Some larger models are not suitable for truncation, and saturation artifacts will be generated when the truncation noise is embedded, as shown in the figure (b) above, in order to counteract this situation , The article enforces the adaptability of truncation by adjusting G to smooth, so that the entire space of z will be mapped to good output samples. To this end, the article adopts Orthogonal Regularization
Orthogonal Regularization[6 ], which directly enforces the orthogonality condition:
where W is the weight matrix and β is the hyperparameter. This kind of regularization is usually too restrictive. In order to relax the constraints and achieve the smoothness required by the model, the article found that the best version is to remove the diagonal term from the regularization and aims to minimize the paired cosines between the filters. Similarity, but does not limit their norms:
where 1 represents a matrix, all The elements are all set to 1. Through the Hier. in Table 1 above represents direct truncation and Ortho. represents the use of regular orthogonality, it can be seen that the performance of regular orthogonality has indeed improved.
I think the "truncation technique" in BigGAN is very similar to Glow
Glow[7 ] For the annealing technique in, BigGAN achieves the improvement in the quality of the generation by controlling the range of sampling, and Glow is the guarantee of the smoothness of the generated image by controlling the annealing coefficient (and also the control of the sampling range).
Control of model stability
Control of model stability
For the control of G:
In exploring the stability of the model, the article monitors a series of weights, gradients and loss statistics during training to find possible indications The indicator of the start of the training crash. Experiments have found that the first three singular values σ0, σ1, and σ2 of each weight matrix are the most useful. They can use the Alrnoldi iteration method
Alrnoldi iteration method[8 ] Perform effective calculations.
The experiment is shown in the figure (a) below. For the singular value σ0, most G layers have good spectral specifications, but some layers (usually the first layer in G) Instead of convolution), the performance is poor. The spectral norm grows throughout the training process and explodes when it crashes.

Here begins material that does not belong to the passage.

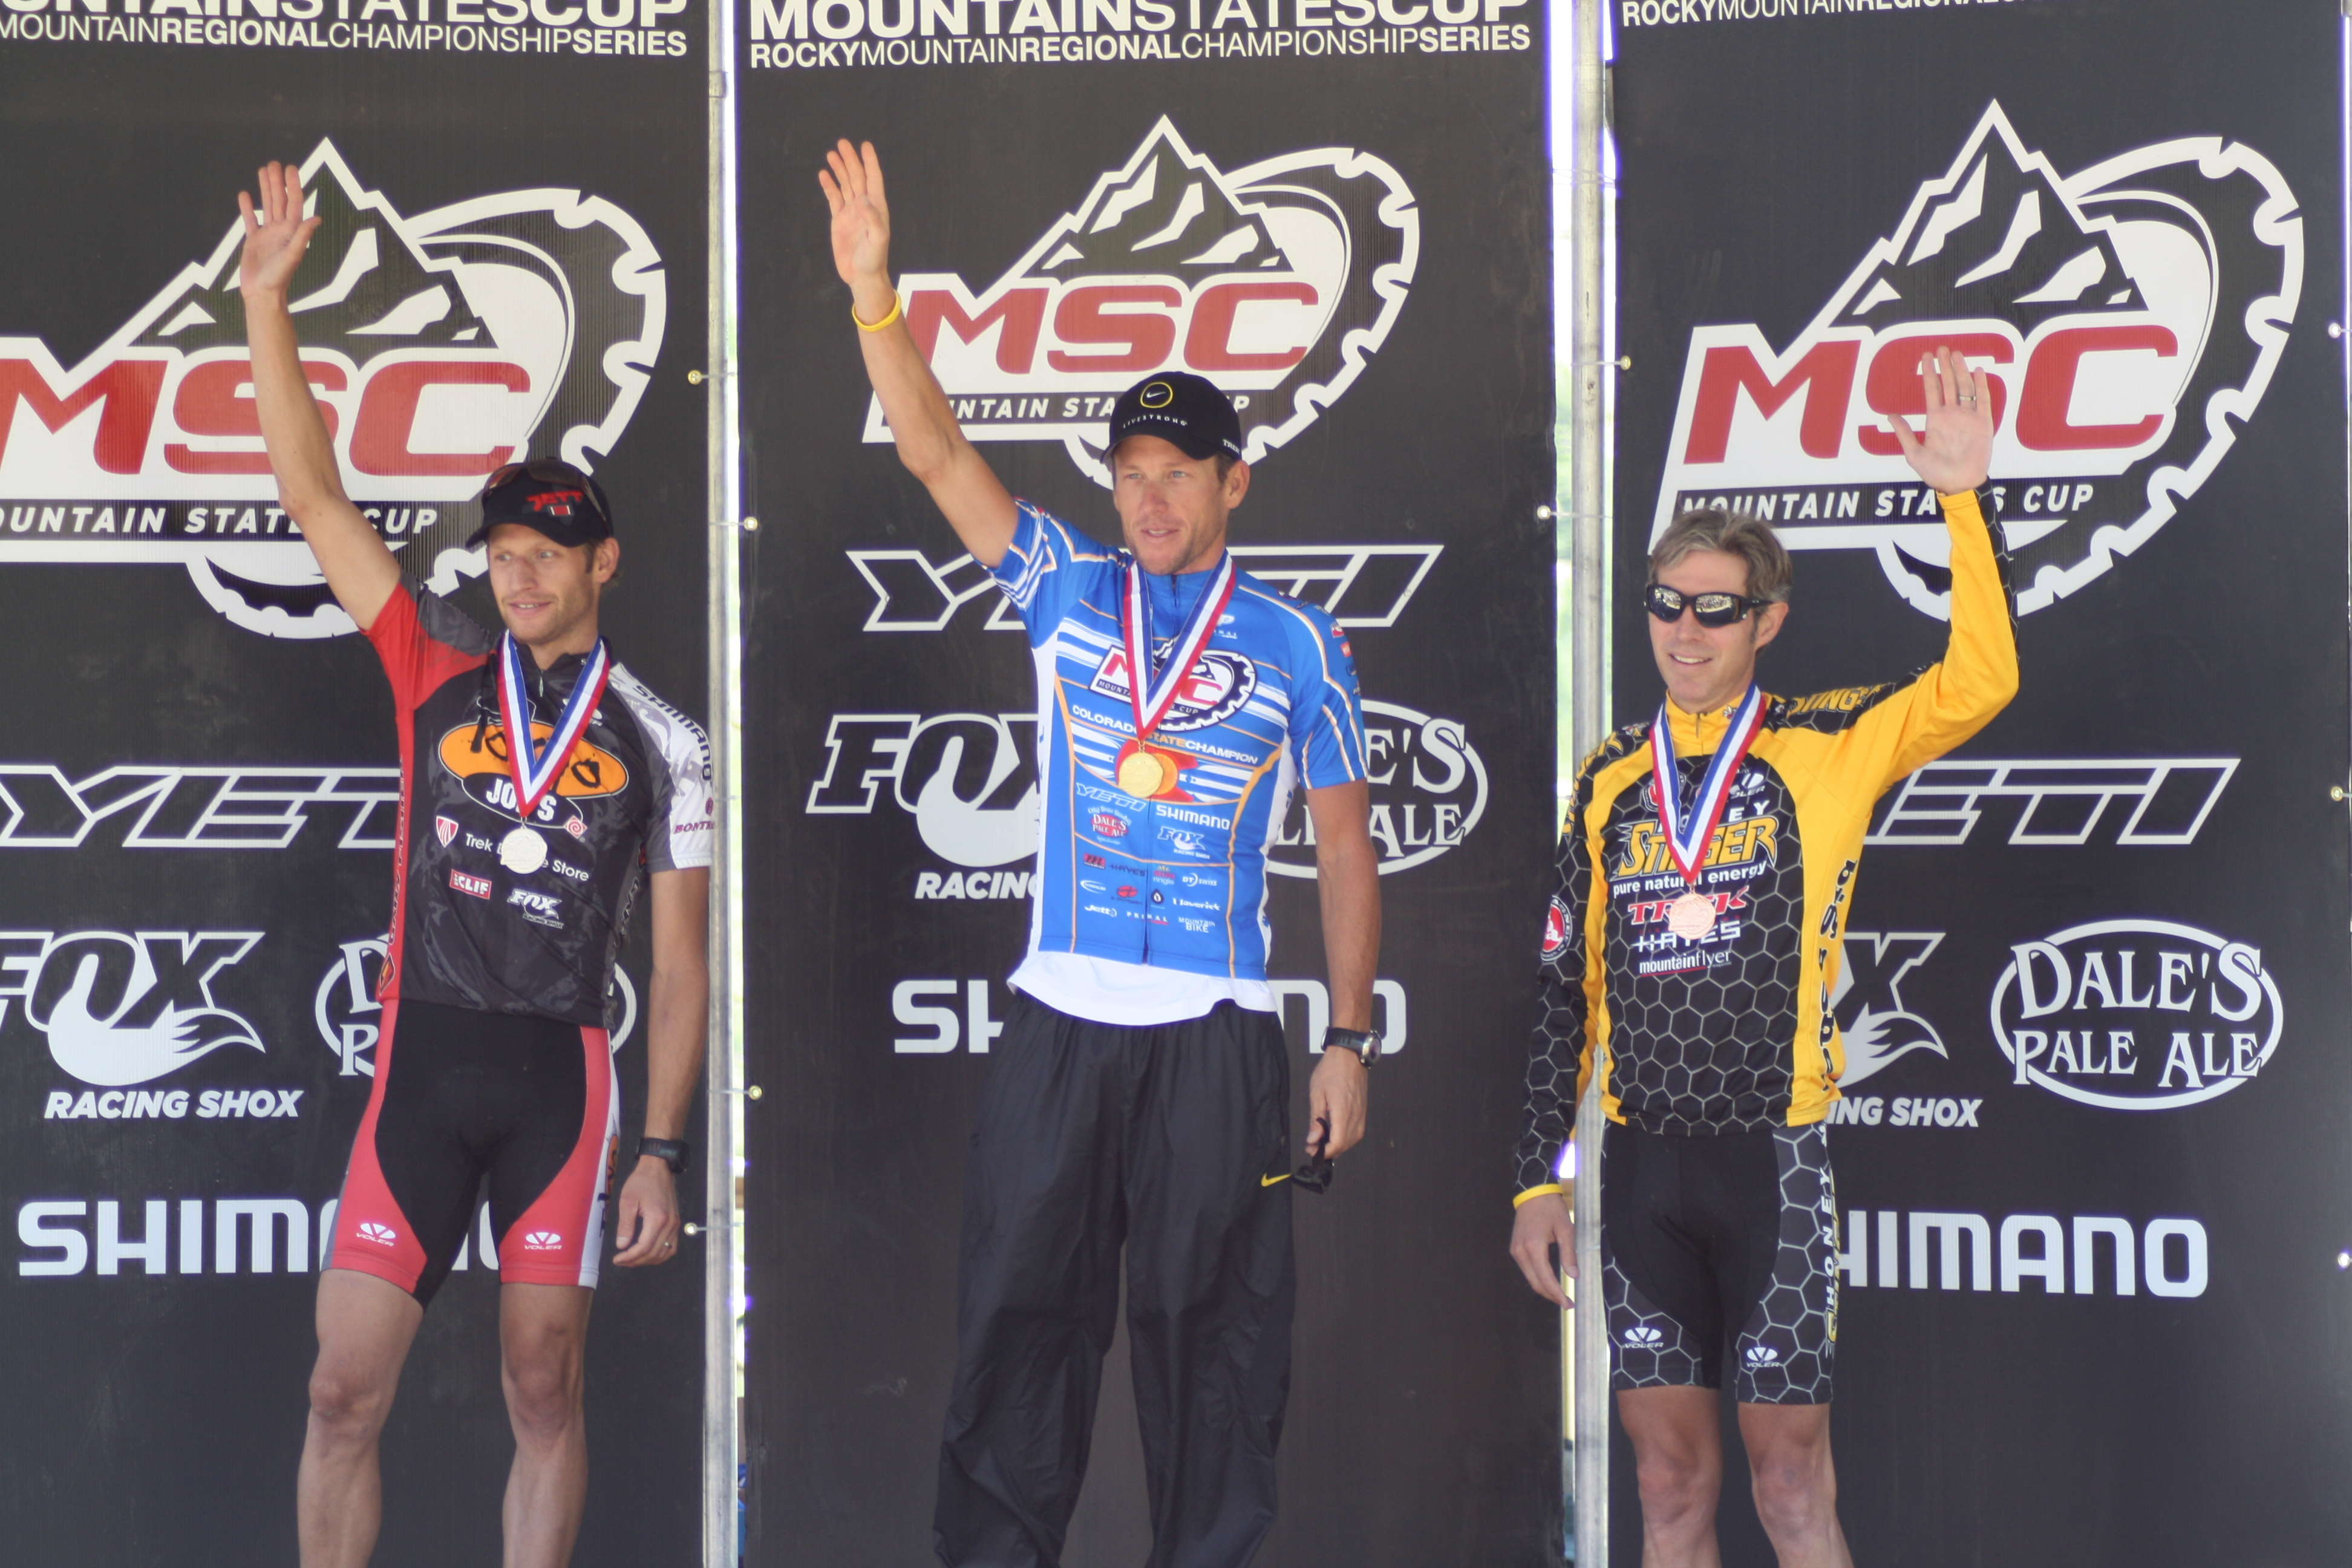 Jay Henry, Lance Armstrong & Len Zanni
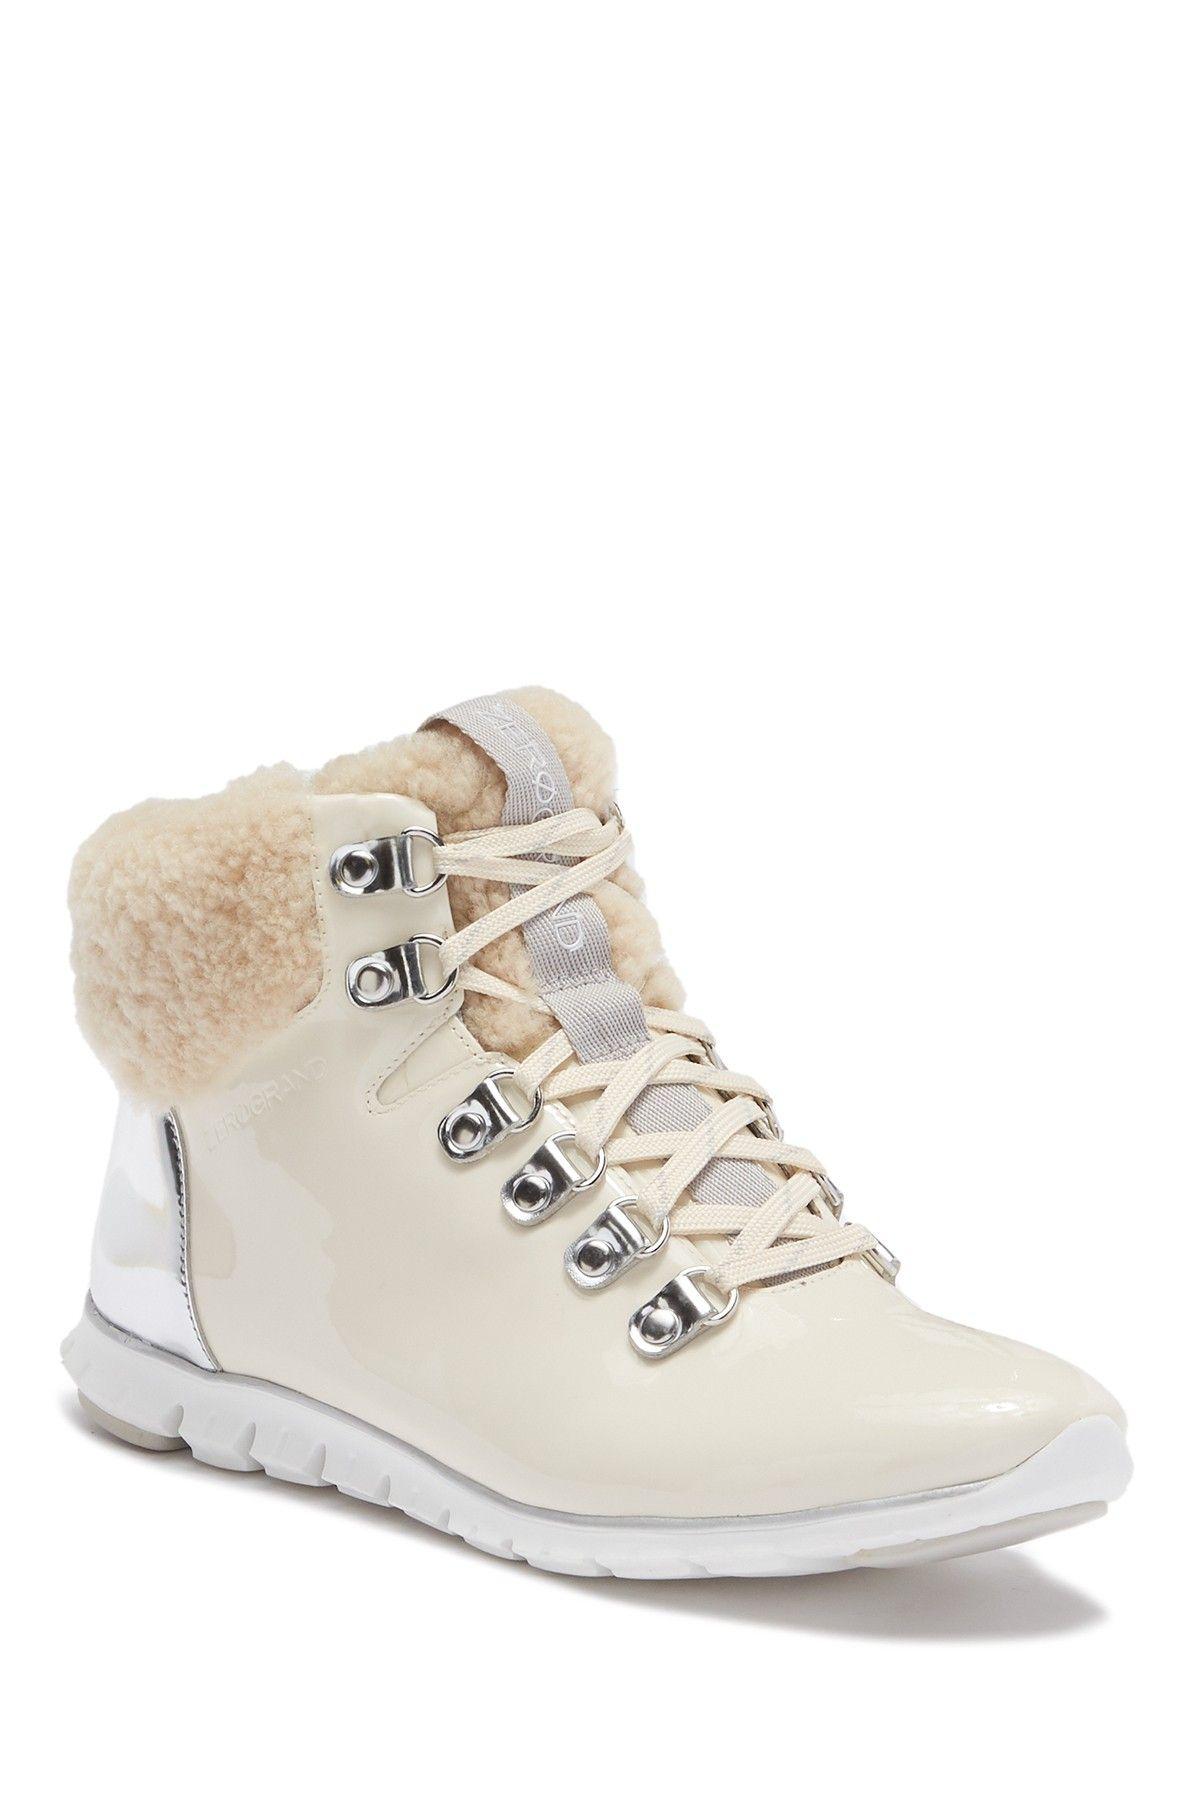 e53ba349ab1 Image of Cole Haan Zerogrand Genuine Shearling Waterproof Hiker Boot

In order to solve the training collapse on G, the singular value σ0 is adjusted appropriately to To counteract the effects of spectral explosion. First, the article adjusts the top singular value σ0 of each weight, toward a fixed value or toward the ratio r of the second singular value, that is, toward r⋅sg(σ1), where sg is Control the operation of the gradient and stop in due course. Another method is to use partial singular value decompositionInstead of σ0, at a given weight W, its first singular value vector μ0 and ν0 and fixed , restrict the weight to:
The fixed setting is or r⋅sg(σ1). The above whole operation is to control the first singular value σ0 of the weight and place Sudden explosion.
Experiments have observed that under the operation of weight restriction, with or without the operation of spectral normalization, σ0 or
The explosion of , but even in some cases they can improve network performance to a certain extent, but nothing The combination can prevent training collapse (the conclusion is that the collapse is unavoidable).
After a meal, the article concludes that adjusting G can improve the stability of the model, but it cannot ensure constant stability, so the article turns to the control of D.
Control of D:
The entry point of and G is the same, the article is still Consider the spectrum of the D network and try to find additional constraints to seek stable training. As shown in Figure 3 (b) above, different from G, it can be seen that the spectrum is noisy, but the whole process is steady growth. When it collapses, it does not explode but jumps.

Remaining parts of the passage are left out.